A key observation about adjacent windows is that they often overlap, implying a high locality of reference. This means that pixels from the input image can be buffered locally or cached and accessed multiple times. By refactoring the code to read each input pixel exactly once and store the result in a local memory, a better result can be achieved. In video systems, the local buffer is also called a \term{line buffer}, since it typically stores several lines of video around the window. Line buffers are typically implemented in \gls{bram} resources, while window buffers are implemented using \gls{ff} resources. Refactored code using a line buffer is shown in Figure \ref{fig:video:2Dfilter_linebuffer}.
Note that for an NxN image filter, only N-1 lines need to be stored in line buffers.
\begin{figure}
\lstinputlisting[format=none,firstline=20]{examples/video_2dfilter_linebuffer.c}
\caption{Code implementing a 2D filter with an explicit line buffer.}\label{fig:video:2Dfilter_linebuffer}
\end{figure}
The line buffer and window buffer memories implemented from the code in Figure \ref{fig:video:2Dfilter_linebuffer} are shown in Figure \ref{fig:video:video_buffers}. Each time through the loop, the window is shifted and filled with one pixel coming from the input and two pixels coming from the line buffer. Additionally, the input pixel is shifted into the line buffer in preparation to repeat the process on the next line. Note that in order to process one pixel each clock cycle, most elements of the window buffer must be read from and written to every clock cycle. In addition, after the 'i' loop is unrolled, each array index to the \lstinline|window| array is a constant. In this case, \VHLS will convert each element of the array into a scalar variable (a process called \term{scalarization}). Most of the elements of the \lstinline|window| array will be subsequently implemented as Flip Flops. Similarly, each row of the \lstinline|line_buffer| is accessed twice (being read once and written once). The code explicitly directs each row of the \lstinline|line_buffer| array to be partitioned into a separate memory. For most interesting values of \lstinline|MAX_WIDTH| the resulting memories will be implemented as one or more Block RAMs. Note that each Block RAM can support two independent accesses per clock cycle.
\begin{figure}
\centering
\includesvg{video_buffers}
\caption{ Memories implemented by the code in Figure \ref{fig:video:2Dfilter_linebuffer}. These memories store a portion of the input image shown in the diagram on the right at the end of a particular iteration of the loop.

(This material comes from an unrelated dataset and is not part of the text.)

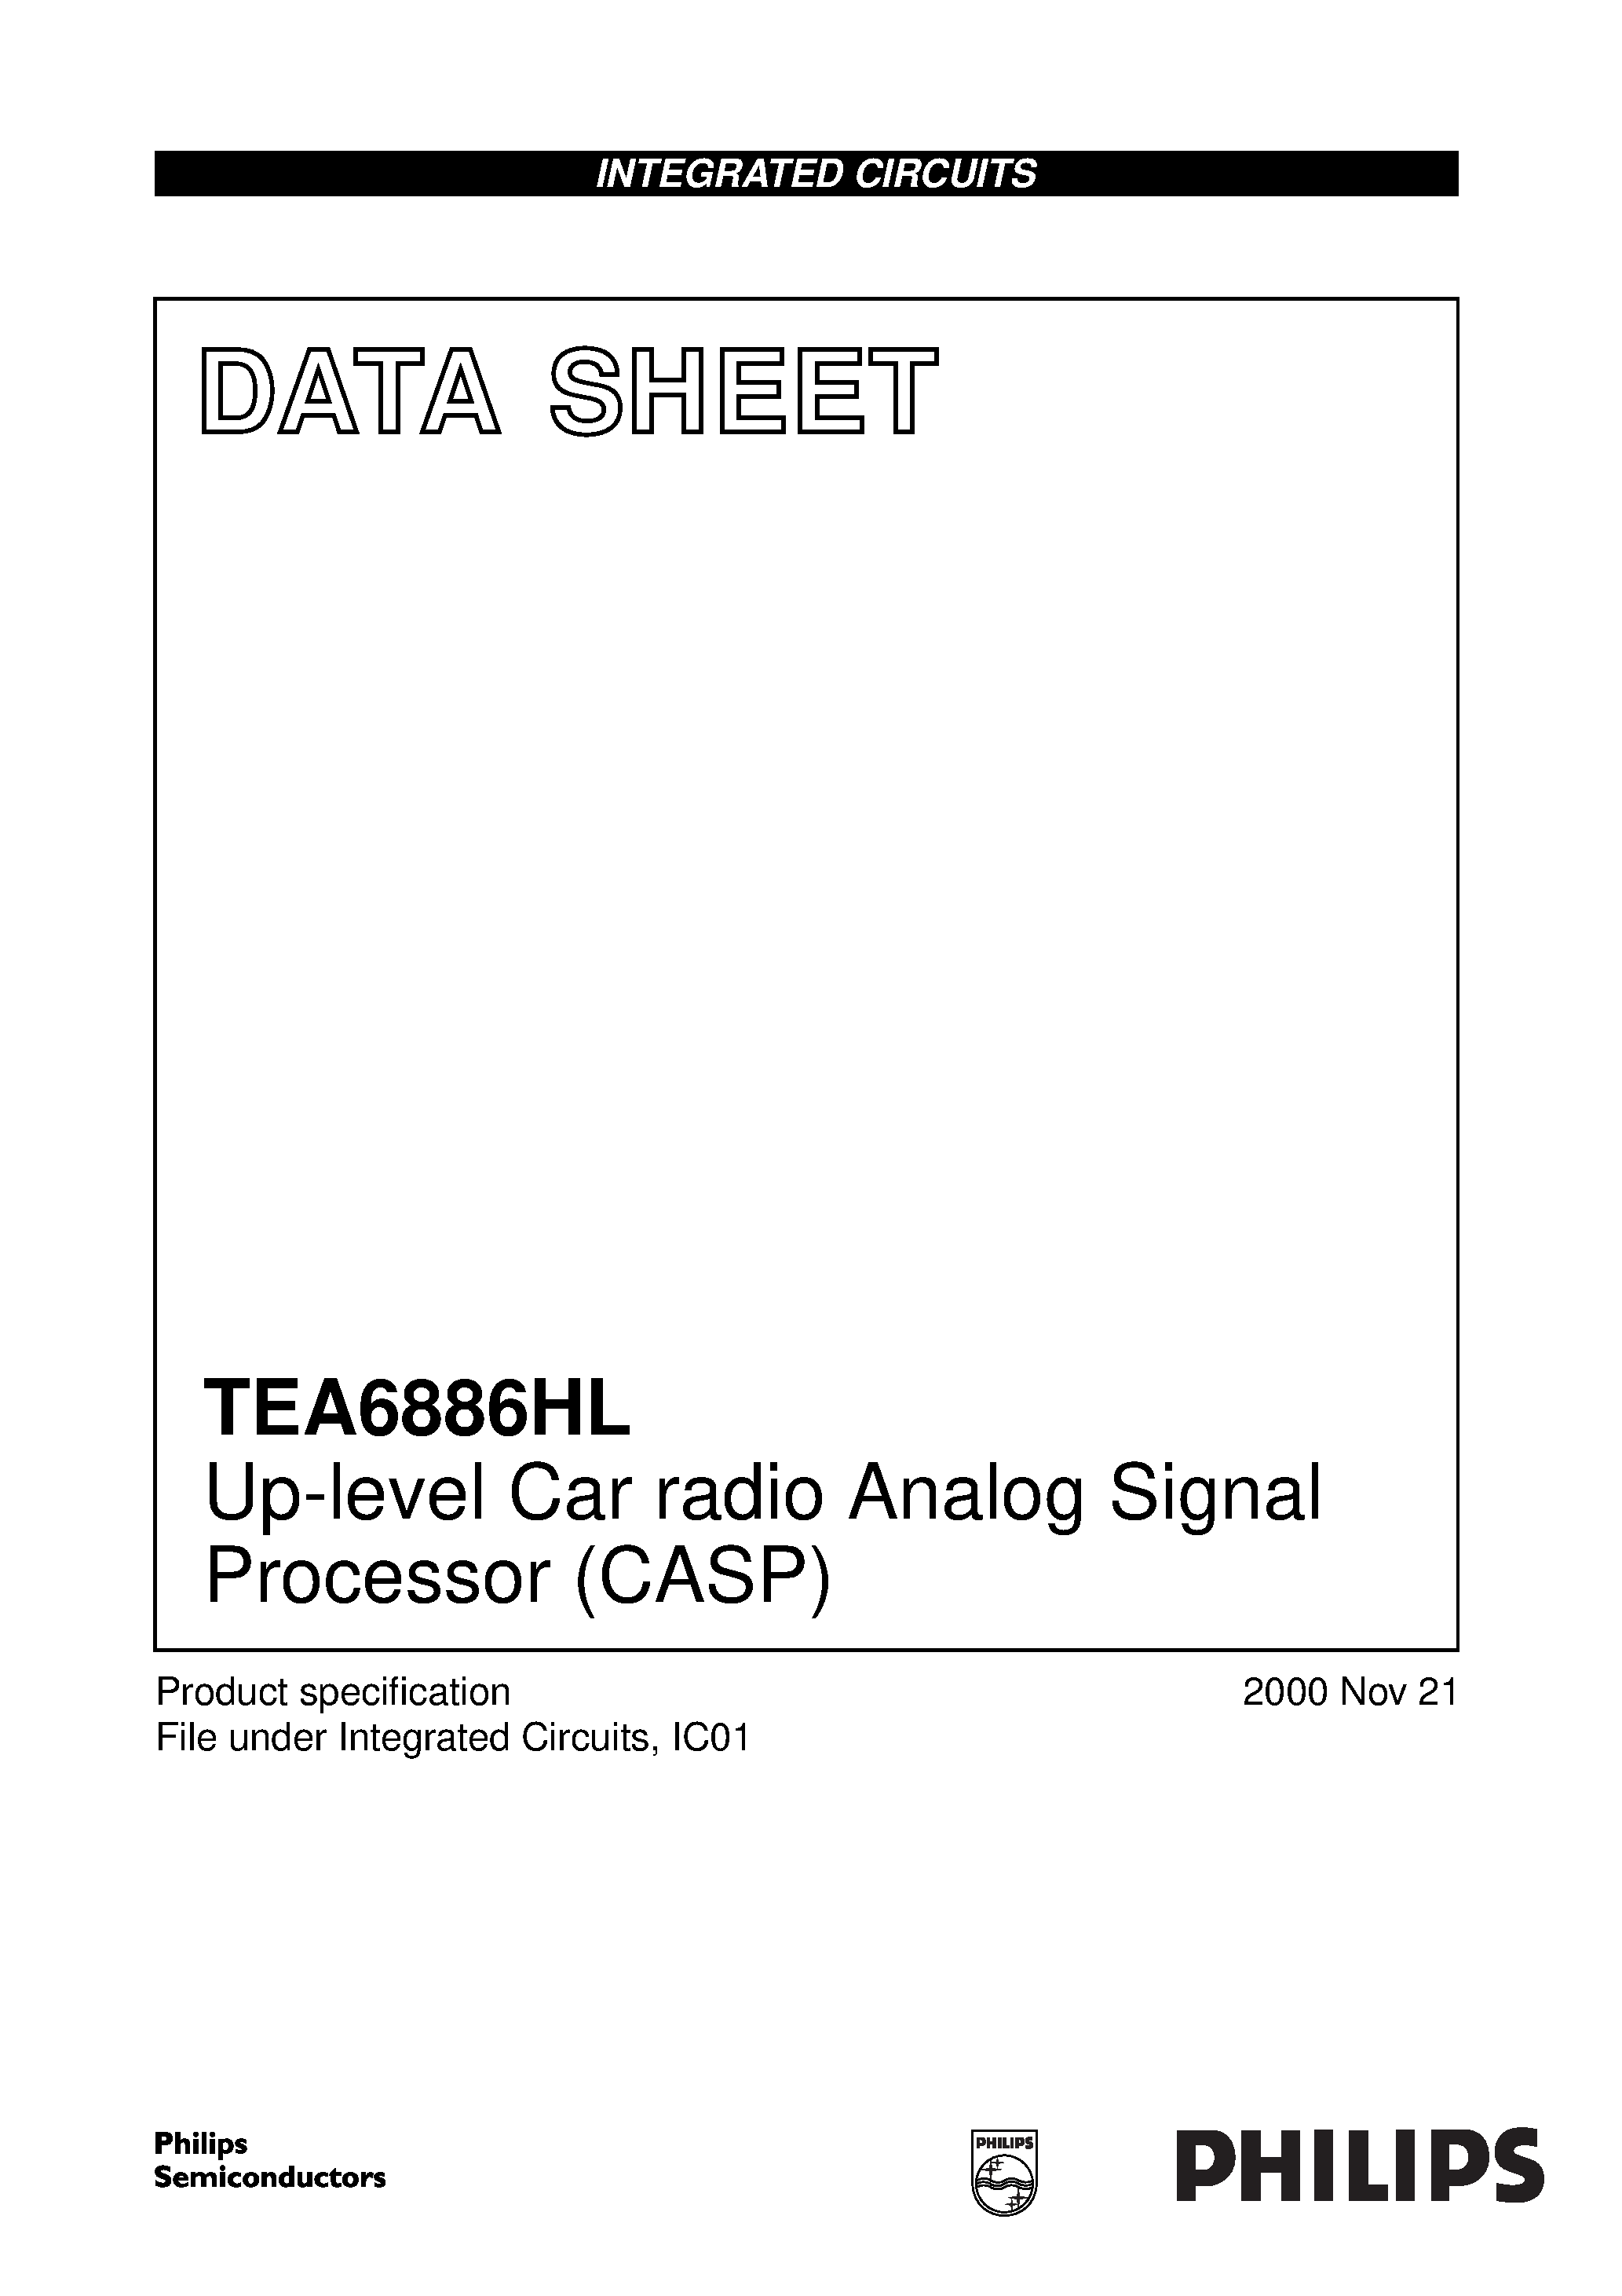 Datasheet TEA6886HL - Up-level Car radio Analog Signal Processor CASP page 1

The pixels outlined in black are stored in the line buffer and the pixels outlined in red are stored in the window buffer.}\label{fig:video:video_buffers}
\label{fig:dft-visualization}
\end{figure}
%\begin{figure}
%\centering
%\framebox{\includesvg{video_buffers}}
%\caption{Memories implemented in Figure \ref{fig:video:2Dfilter_linebuffer}.}\label{fig:video:video_buffers}
%\end{figure}
\begin{aside}
Line buffers are a special case of a more general concept known as a \term{reuse buffer}, which is often used in stencil-style computations. High-level synthesis of reuse buffers and line buffers from code like Figure \ref{fig:video:2Dfilter} is an area of active research. See, for instance \cite{bayliss12sdram}\cite{hegarty2016rigel}.
\end{aside}
\begin{aside}
\VHLS includes \lstinline|hls::line_buffer<>| and \lstinline|hls::window_buffer<>| classes that simplify the management of window buffers and line buffers.
\end{aside}
\begin{exercise}
For a 3x3 image filter, operating on 1920x1080 images with 4 bytes per pixel, How many FPGA Block RAMs are necessary to store each video line?
\end{exercise}
\subsection{Causal Filters}
The filter implemented in Figure \ref{fig:video:2Dfilter_linebuffer} reads a single input pixel and produces a single output pixel each clock cycle, however the behavior is not quite the same as the code in Figure \ref{fig:video:2Dfilter}. The output is computed from the window of previously read pixels, which is 'up and to the left' of the pixel being produced. As a result, the output image is shifted 'down and to the right' relative to the input image. The situation is analogous to the concept of causal and non-causal filters in signal processing. Most signal processing theory focuses on causal filters because only causal filters are practical for time sampled signals (e.g. where x[n] = x(n*T) and y[n] = y(n*T)).
\begin{aside}
A \term{causal} filter $h[n]$ is a filter where $\forall k < 0, h[k] = 0$.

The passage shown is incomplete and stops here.